Object Classification and Shape Retrieval Based on 3D Object Surface

Abstract

This thesis proposes a machine learning based object classification method to recognize the object category when a single-view point cloud of an object surface is given. In addition, given multiple single-view surface point clouds capturing the shape of the object, a registration method that models the complete object shape is presented. Existing methods for object classification that use point clouds mostly depend on hand-crafted features. However, it is disadvantageous to use hand-crafted features in two aspects. First, they cannot fully utilize the raw data. Second, they lack extensibility in that they often require other types of feature such as surface normal. In this thesis, in order to circumvent these weaknesses, automatically learned features from voxelized grids of surface point clouds are used for classification. To this end, a deep learning architecture with Convolutional Neural Network (CNN) as a building block is proposed. However, most deep learning architectures suffer from the overfitting problem where the model fits even the stochastic noise in the training data. To reduce overfitting of the deep architecture, two types of non-random weight initialization methods are adopted.
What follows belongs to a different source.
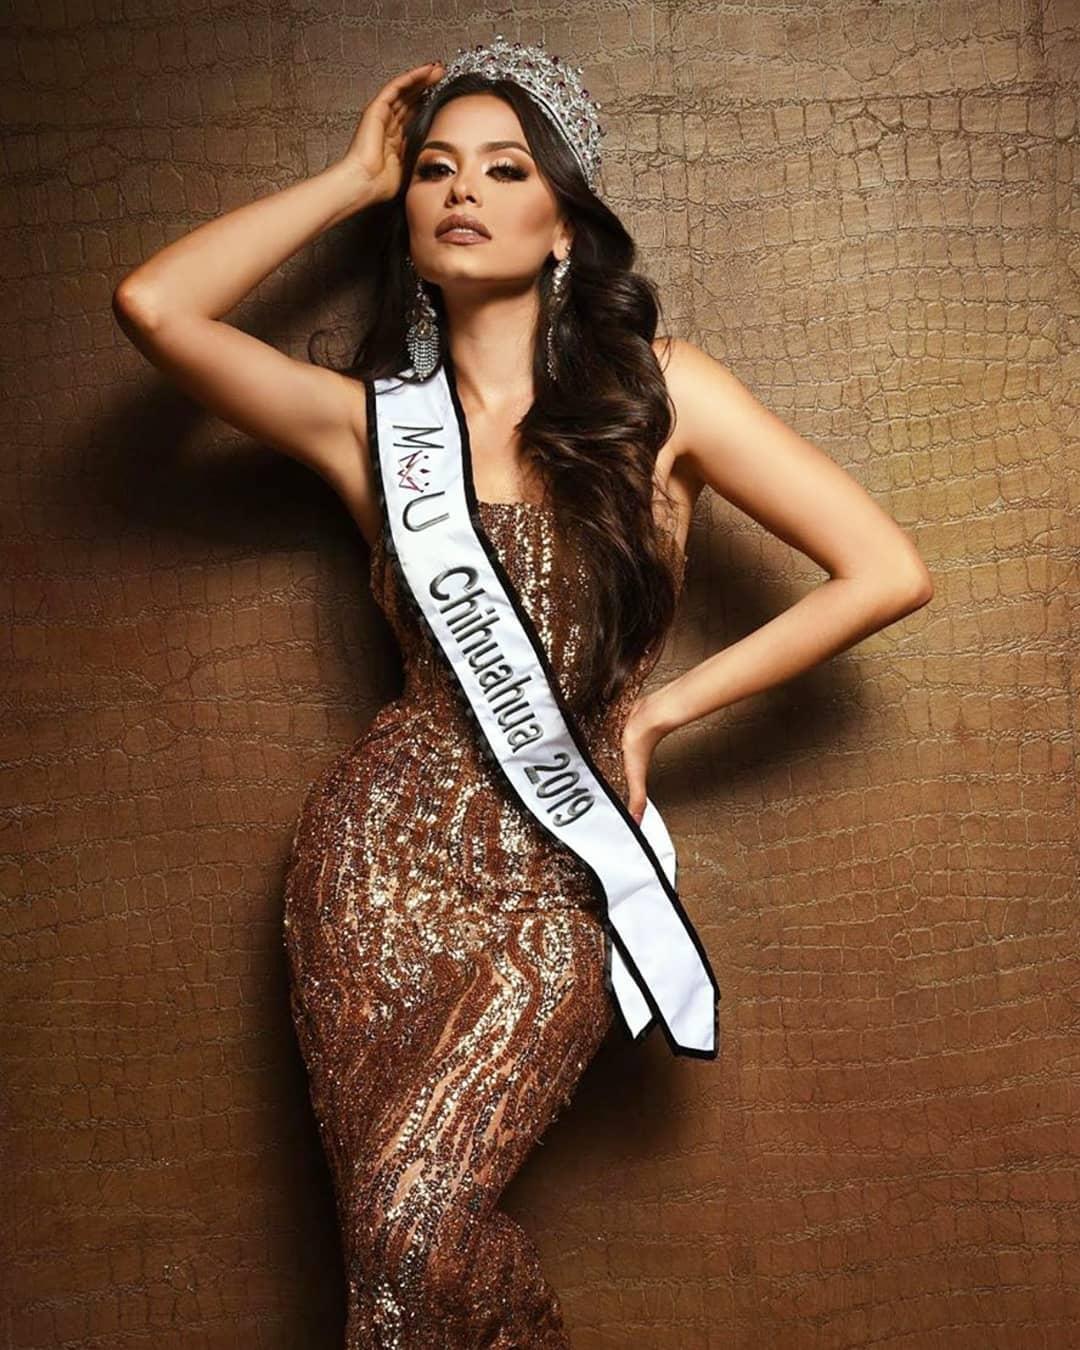 andrea meza, mexicana universal chihuahua 2020/1st runner-up de miss world 2017. - Página 41 81340310

One is the initialization with the encoding stacks of a pre-trained de-noising Convolutional Auto-Encoder (DCAE) and the other is the initialization with the cluster centers learned by k-means clustering on a set of input data patches. Quantitative analysis shows that the suggested initialization methods reduce overfitting to a certain degree. The neural network is further designed to make predictions on the orientations of the surfaces as well as the class labels. It is shown analytically and quantitatively that this additional task improves the classification result. For the modeling of multiple single-view point clouds, a registration method that utilizes the Signature of Histogram of Orientation (SHOT) descriptors for correspondence association and Random Sample Consensus (RANSAC) algorithm for rigid transformation estimation is suggested. It is shown that by using the proposed RANSAC method to estimate the rigid transformations between successive point clouds and fine-tuning them by the Iterative Closest Point (ICP) algorithm, reliable object shape retrieval can be performed.